Le jour où la Chine s’effondrera

Des inégalités

Document 6 : « Pékin des pauvres, Pékin des riches ». A moins d'un quart d'heure de voiture des grandioses réalisations olympiques, Dong Xiao Kou est un quartier de

prolétaires migrants. Ce n'est pas la misère mais la pauvreté. L'endroit illustre ce que les médias chinois ont annoncé il

y a une dizaine de jours : jamais depuis le début des réformes économiques de 1978 l'écart de revenus entre monde

rural et monde urbain n'avait été aussi large. Ici, on a beau être à Pékin, la quasi-totalité des habitants de cette banlieue est d'origine paysanne. Ils font partie des

230 millions d' "ouvriers-paysans" chinois - mingong, en mandarin - venus chercher fortune dans les villes. Sans avoir

pour autant réussi à avoir le statut d'"urbains". Conséquence : beaucoup ne bénéficient pas des avantages sociaux dont

jouissent les citadins. […] Nombre d'analystes étrangers estiment que, si la Chine veut poursuivre son rythme de croissance de 8 %, il va lui falloir

continuer son programme d'urbanisation, supprimer le très contesté "passeport intérieur" - hukou -, qui désavantage les

migrants établis en milieu urbain, et mettre fin à une situation d'"apartheid" entre Chinois des villes et Chinois des champs :

les mingong sont exploités par leurs patrons, leurs soins médicaux ne sont pas remboursés et ils doivent mettre leurs enfants

dans des écoles illégales souvent promises à la démolition.

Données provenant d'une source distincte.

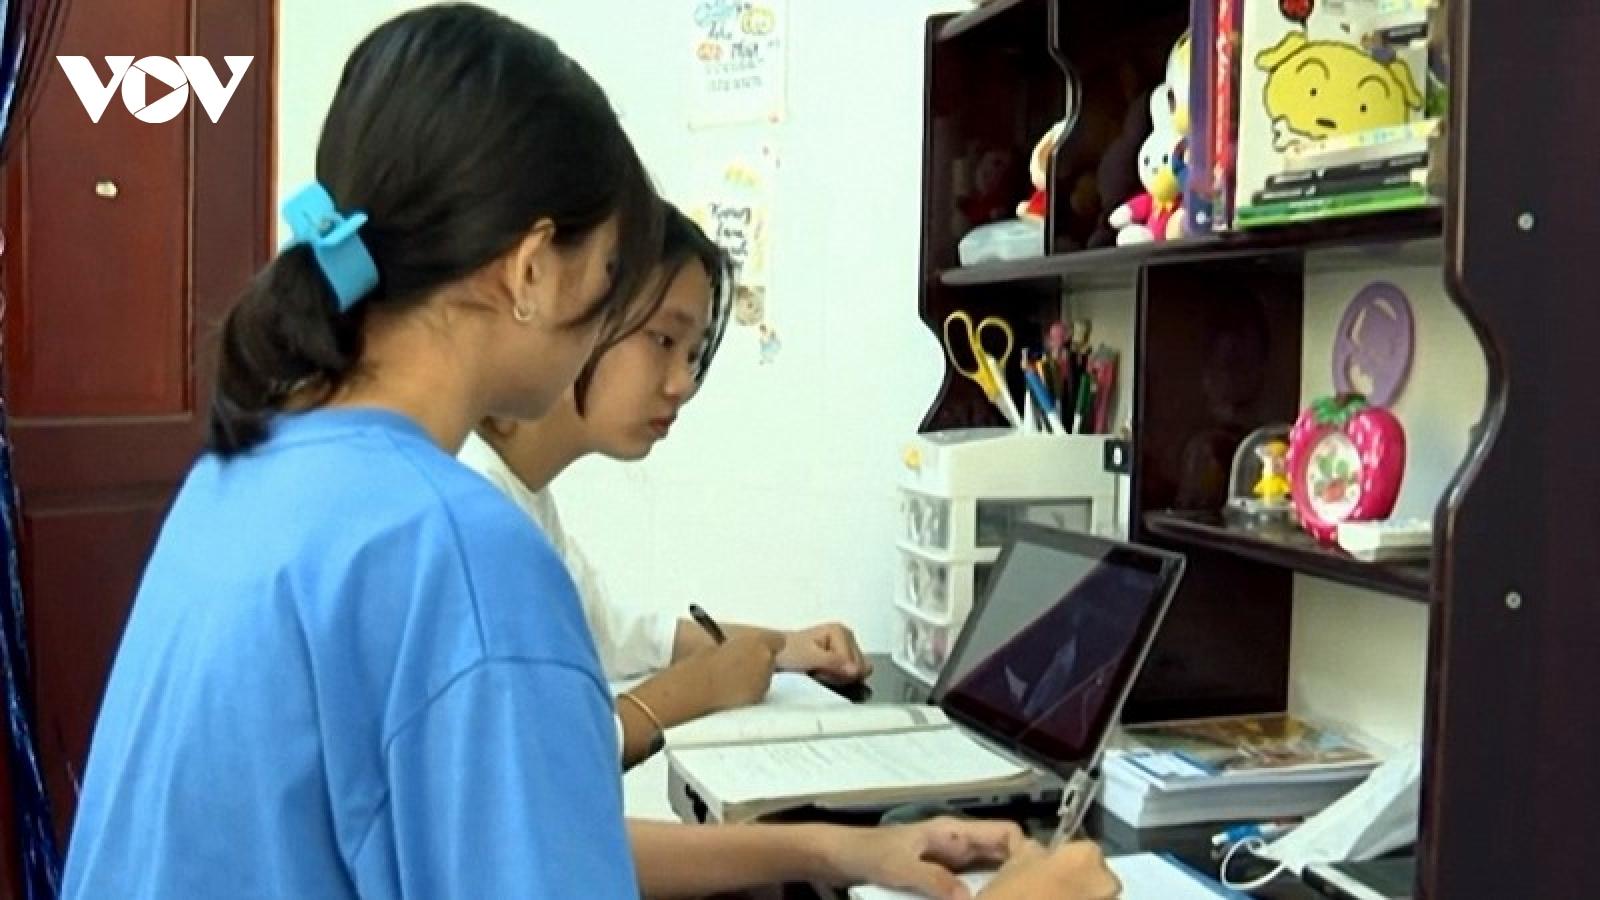 Học trực tuyến ở Trà Vinh gặp nhiều khó khăn vì học sinh thiếu thiết bị

La "stabilité sociale" qui obsède tant un pouvoir hanté par le cauchemar du désordre ne pourra être assurée si le fossé riches-

pauvres continue de s'élargir. […] Selon Rupert Hoogewerf, fondateur du centre indépendant Hurun, basé à Shanghaï, qui

fait la liste des super-riches en République populaire, "le nombre de ceux qui possèdent une fortune d'au moins 150 millions

de dollars (110 millions d'euros) a décuplé depuis 2004". "Il y en avait 100 il y a six ans, il y en a 1 000 maintenant", précise-t-il. Sur la dernière liste Forbes des plus fortunés de la planète, il y a 64 milliardaires chinois, contre 28 l'année

dernière. D'après Meng Pengjun, directeur de Luxury Asia Limited Markets, les ultraprivilégiés de Chine ont dépensé

beaucoup en 2009 dans le marché des produits de luxe, se hissant en cela à la deuxième place mondiale, derrière les

Japonais.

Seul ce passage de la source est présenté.